A few limitations of this study are specific to the VA healthcare system. First, it is one of the few systems in the United States in which almost all care is provided by a single source and for which a single EMR is available. In a previous study in a tertiary care center in the same geographical area, EMR-documented antibiotic use or hospitalization during the past year were significantly less sensitive than patient self-report.10 Second, VA facilities treat a specific population with lower socioeconomic status with a high proportion of male patients, which perhaps limits generalizability beyond VA facilities. However, the VA system is the largest single-payer acute care hospital system in the United States and has mandated active surveillance culturing for MRSA for all patients at admission to the hospital. This prediction rule, if implemented throughout the VA system, could result in substantial cost savings that could be used to target other infections or quality improvement projects, such as MRSA decolonization.

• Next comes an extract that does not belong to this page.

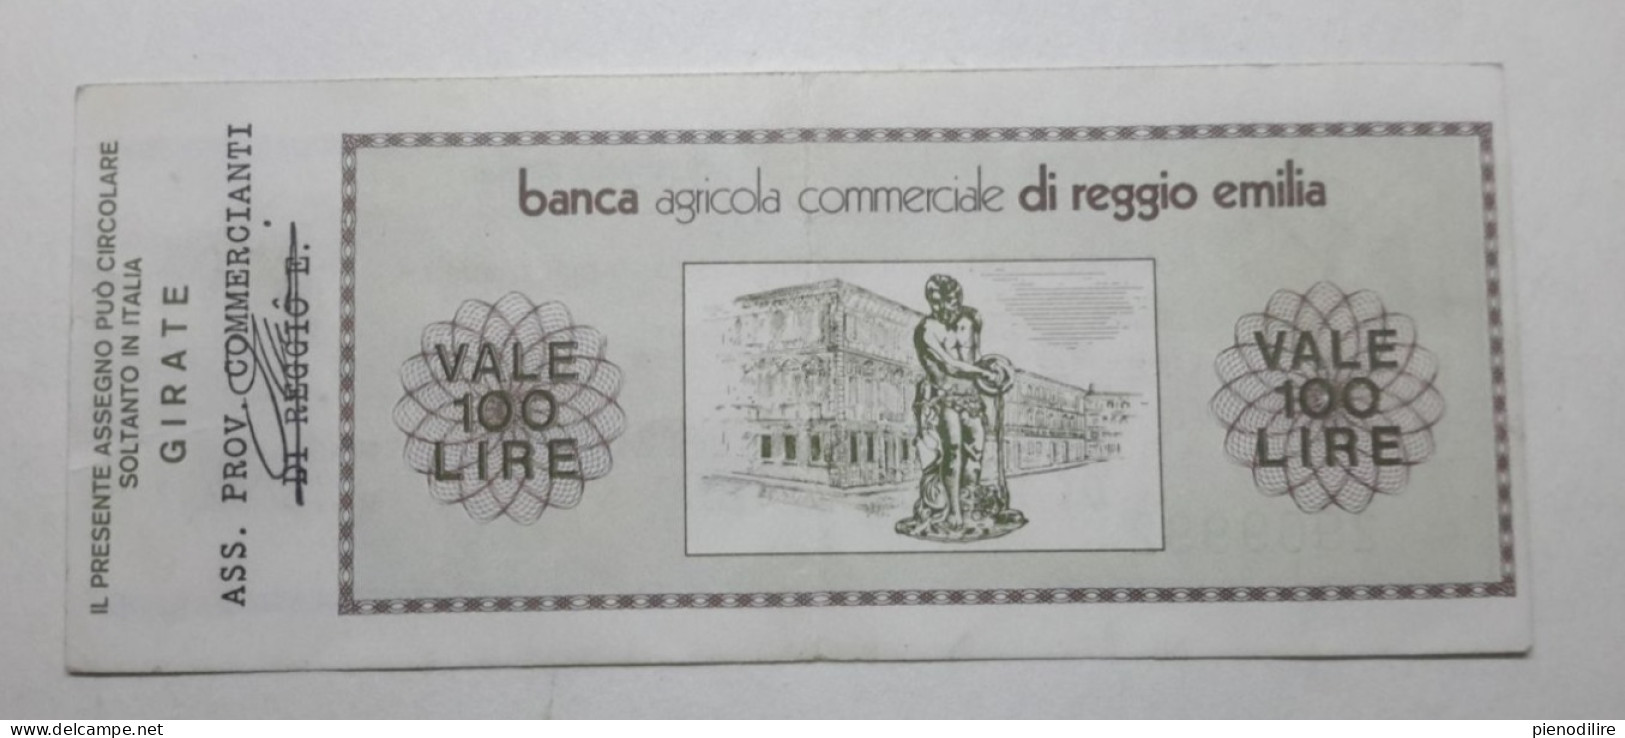 BANCA AGRICOLA COMMERCIALE DI REGGIO EMILIA, 100 Lire 01.06.1976 Ass. Prov. Commercianti (A1.42) - [10] Checks And Mini-checks
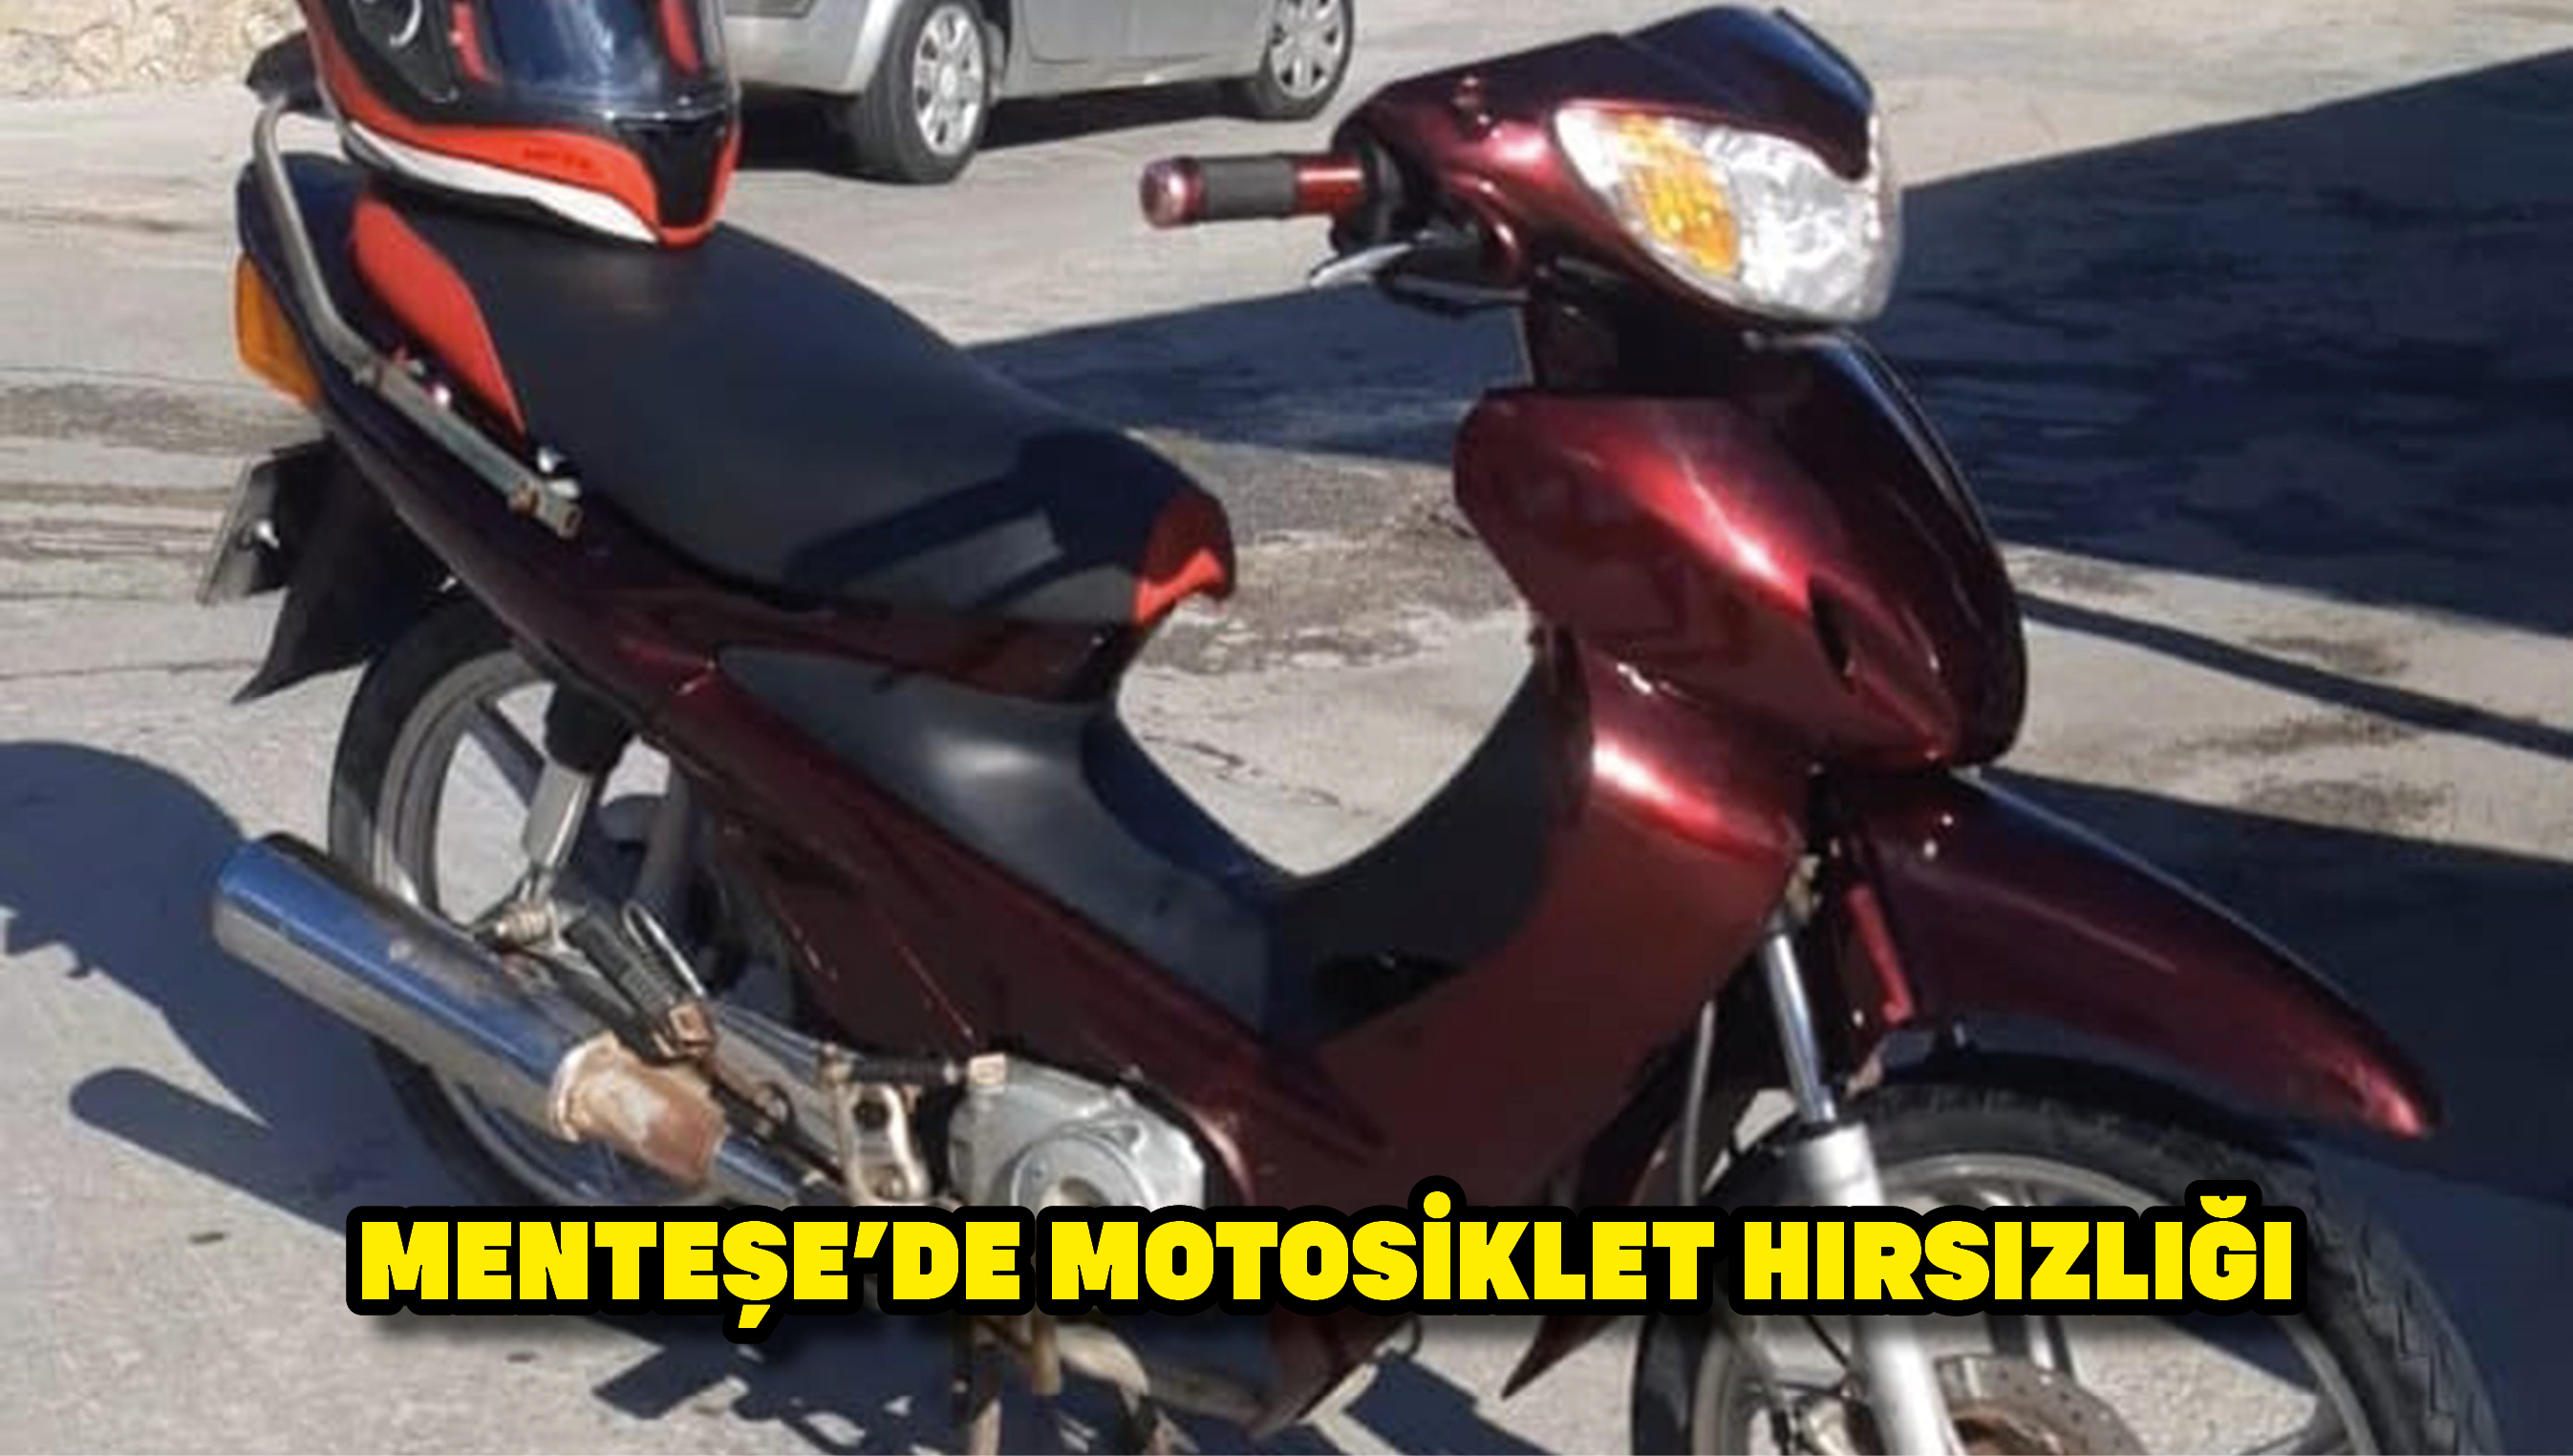 Menteşe'de motosiklet hırsızlığı

The pandemic of community-associated MRSA (CA-MRSA) infection would seem to limit the utility of prediction rules for MRSA colonization that are based on risk factors for healthcare-associated MRSA colonization. CA-MRSA infection was common in Baltimore, Maryland, during the period of this study.4,21 Although CA-MRSA colonization has specific risk factors, we still found antibiotic use and hospitalization during the past year to be the best prediction rules in our population with a high proportion of CA-MRSA colonization. This would suggest that the prediction rules that we derived are resilient to CA-MRSA and may perform even better as the pandemic of CA-MRSA infection recedes.22 In addition, we sampled only patient nares for MRSA. This may have decreased the rate of identification of patients with MRSA colonization, although a recent study in the VA healthcare system found little benefit in screening sites beyond the nares.9
In conclusion, we found that the prediction rule based on EMR-documented antibiotic use during the past year identified patients responsible for 84% of MRSA exposure risk and 98% of VRE exposure risk from colonized VA inpatients, while requiring culture sampling of only 51% of patients. This prediction rule would be easily implemented within VA hospitals and could result in substantial savings.
Financial support. Grants K08 HS18111-01 AHRQ to D.J.M., NIH K01 AI071015-02 to J.P.F., 1K12RR02350-03 to J.K.J., and VA HSRD IIR 04-123-2 to E.N.P.
Potential conflicts of interest. All authors report no conflicts of interest relevant to this article.